**Collected data:**
——————

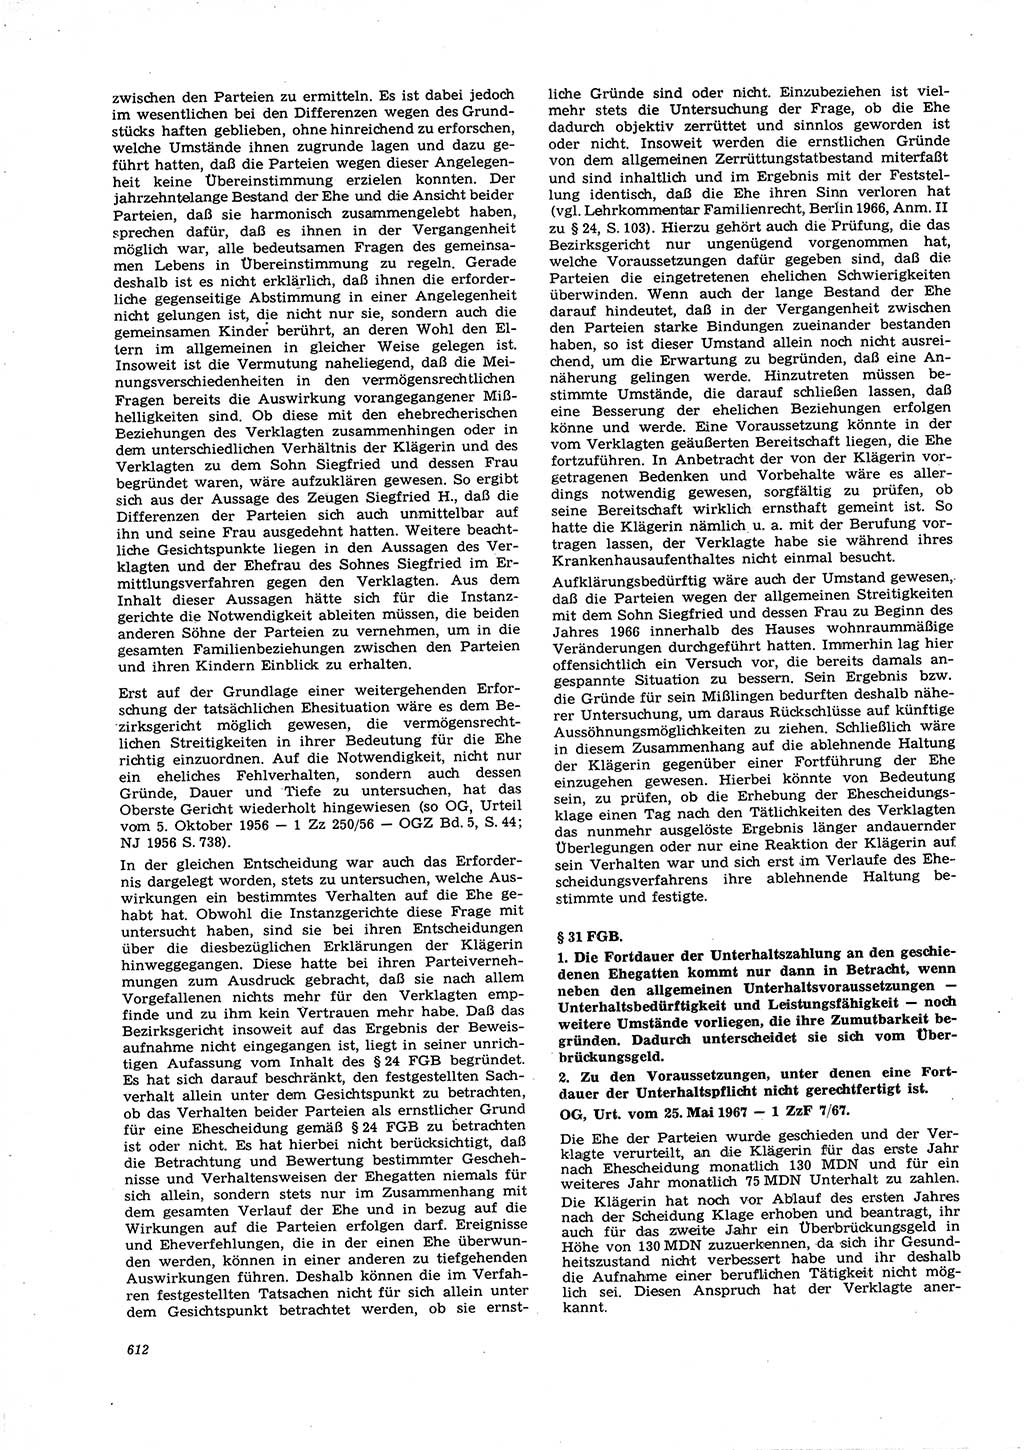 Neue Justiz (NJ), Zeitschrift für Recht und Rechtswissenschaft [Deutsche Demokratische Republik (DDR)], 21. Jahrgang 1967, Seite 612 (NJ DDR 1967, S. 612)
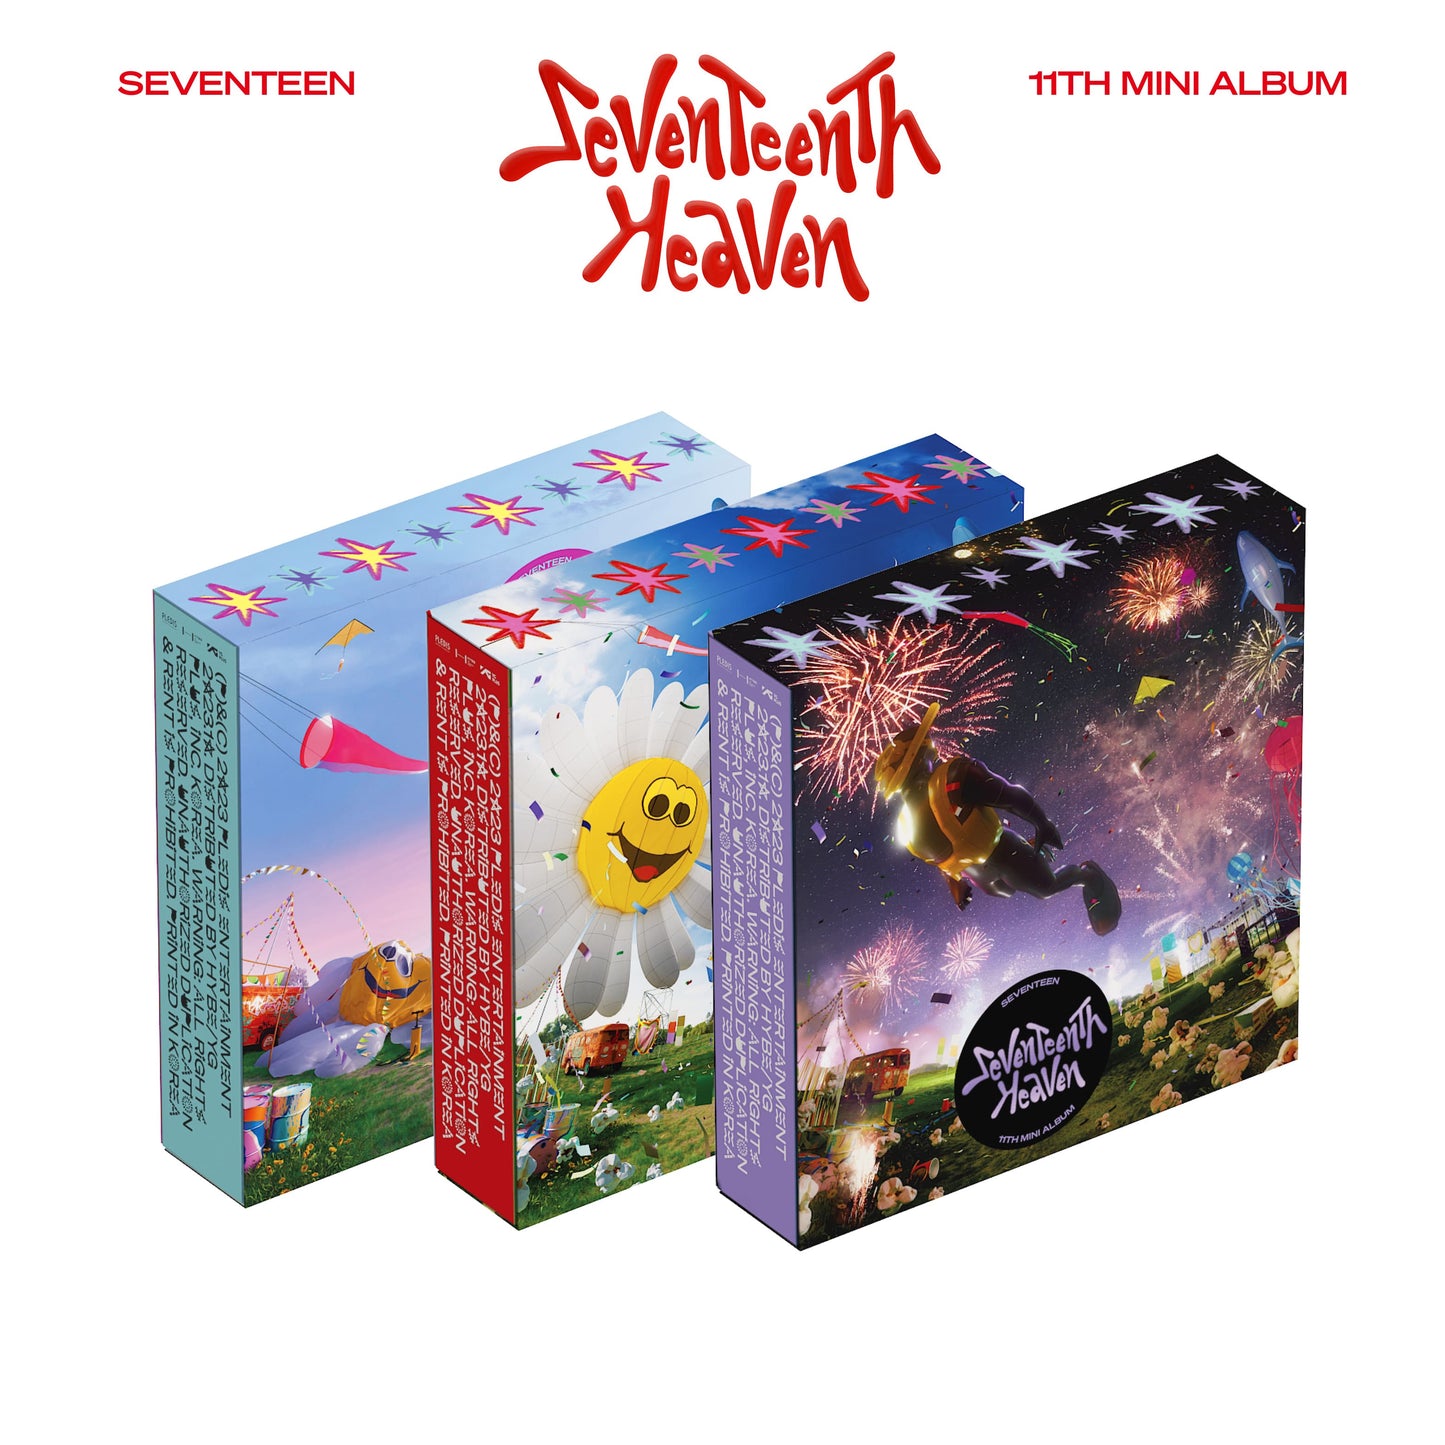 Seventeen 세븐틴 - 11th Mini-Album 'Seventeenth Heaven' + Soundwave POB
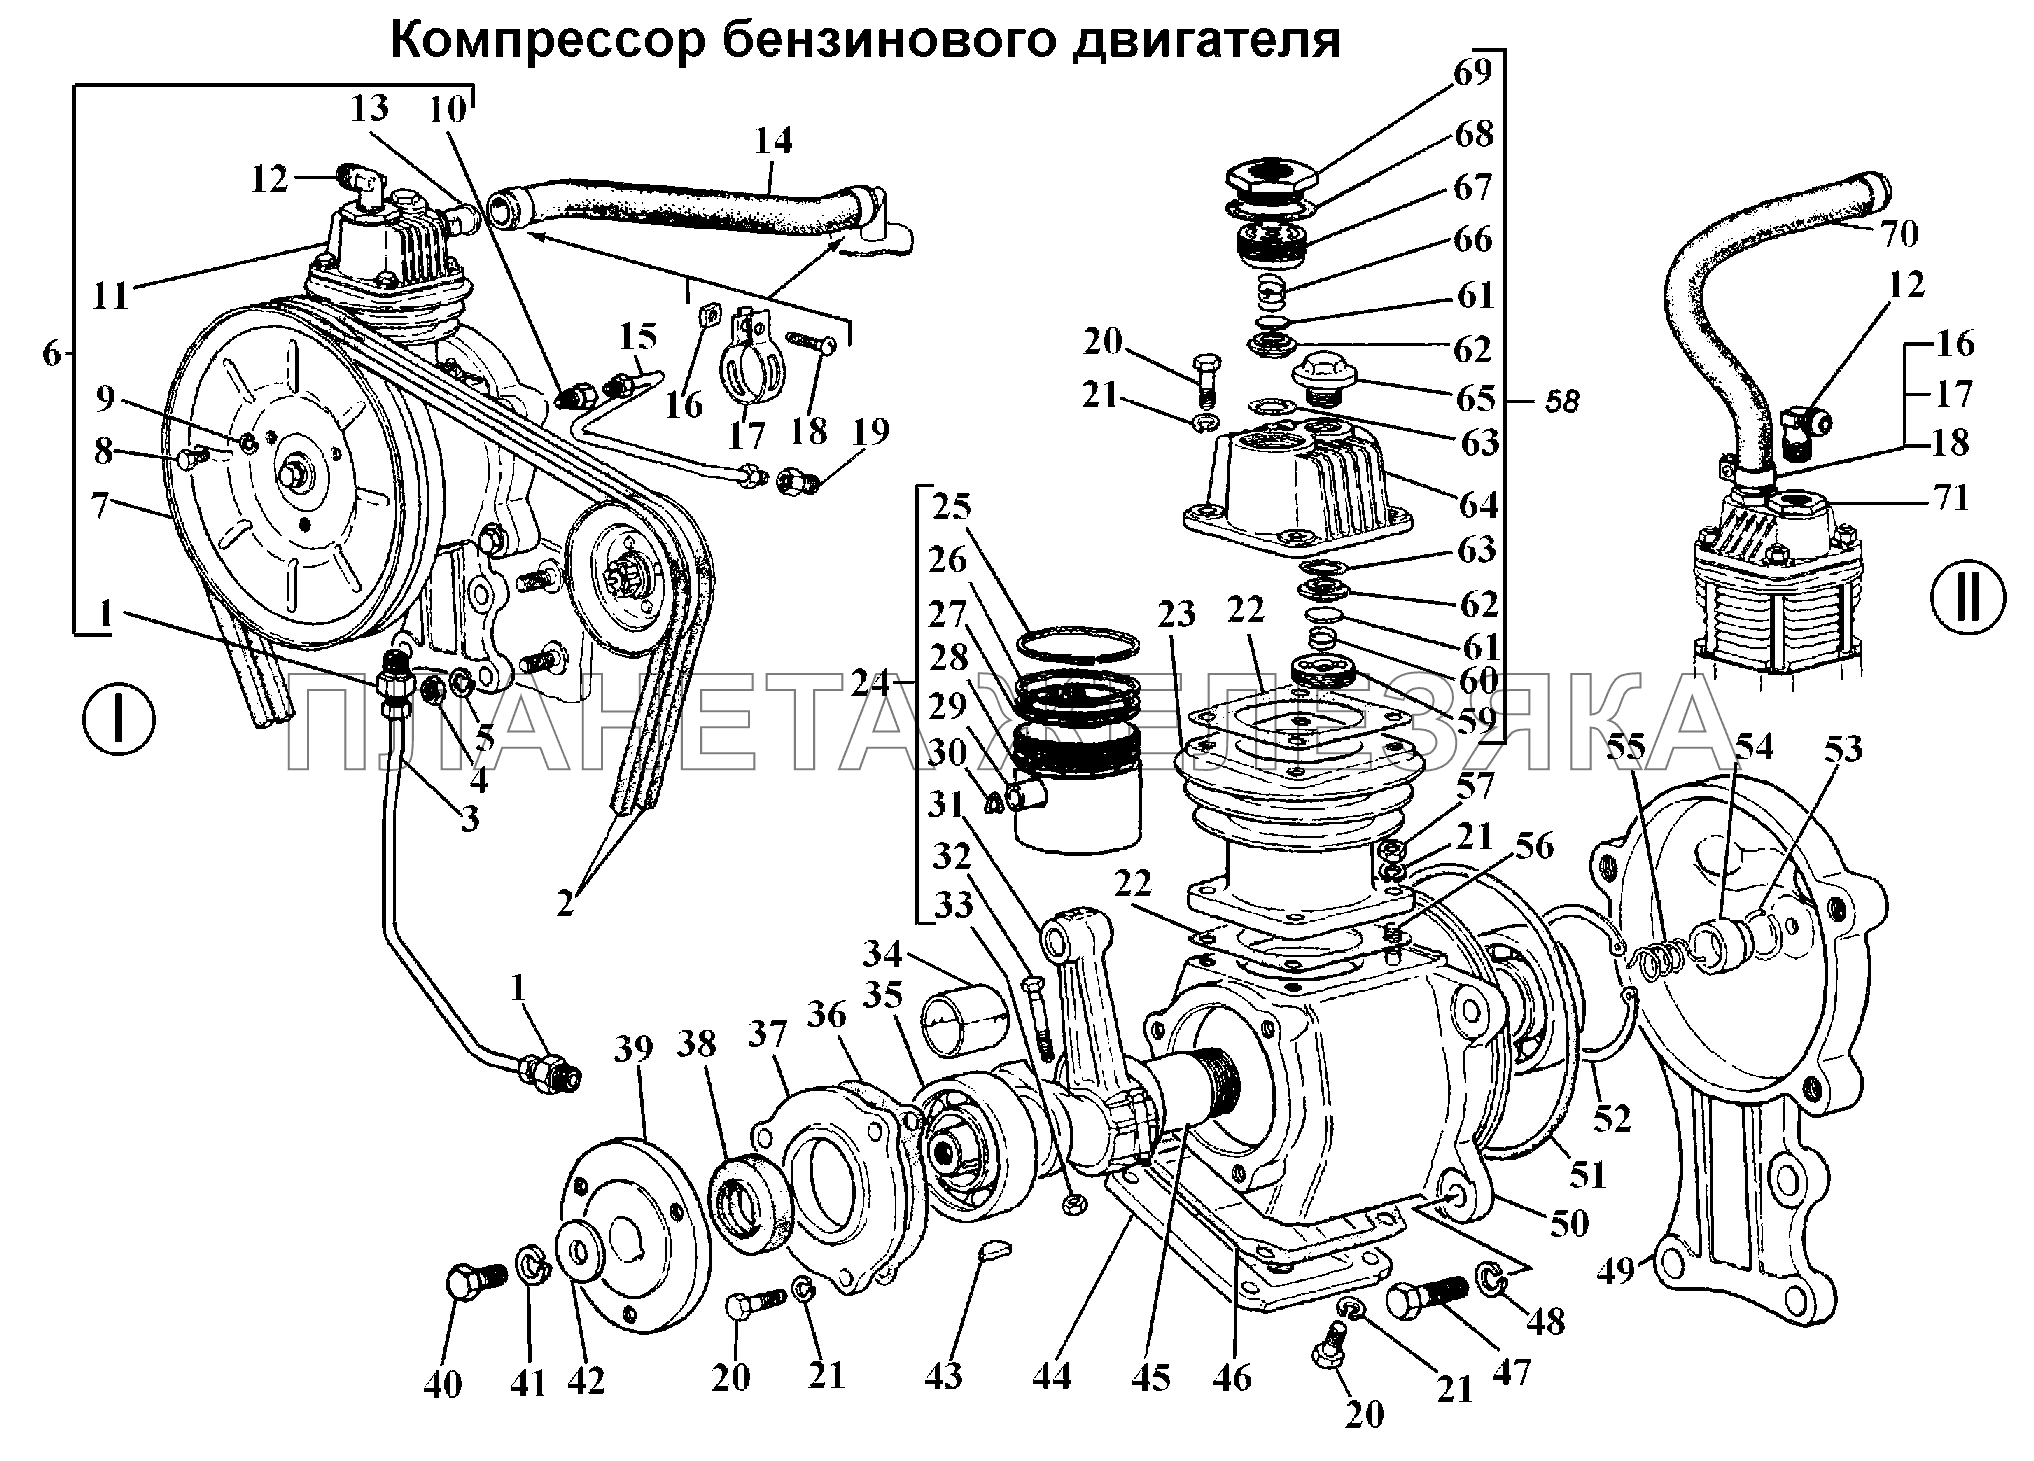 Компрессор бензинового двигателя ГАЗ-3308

——————

**Task brief:** Drop the pictures; repeat the listing above exactly.

**Solution below:**
 Neue Justiz (NJ), Zeitschrift für Recht und Rechtswissenschaft [Deutsche Demokratische Republik (DDR)], 21. Jahrgang 1967, Seite 612 (NJ DDR 1967, S. 612)
 Seventeen 세븐틴 - 11th Mini-Album 'Seventeenth Heaven' + Soundwave POB
 Компрессор бензинового двигателя ГАЗ-3308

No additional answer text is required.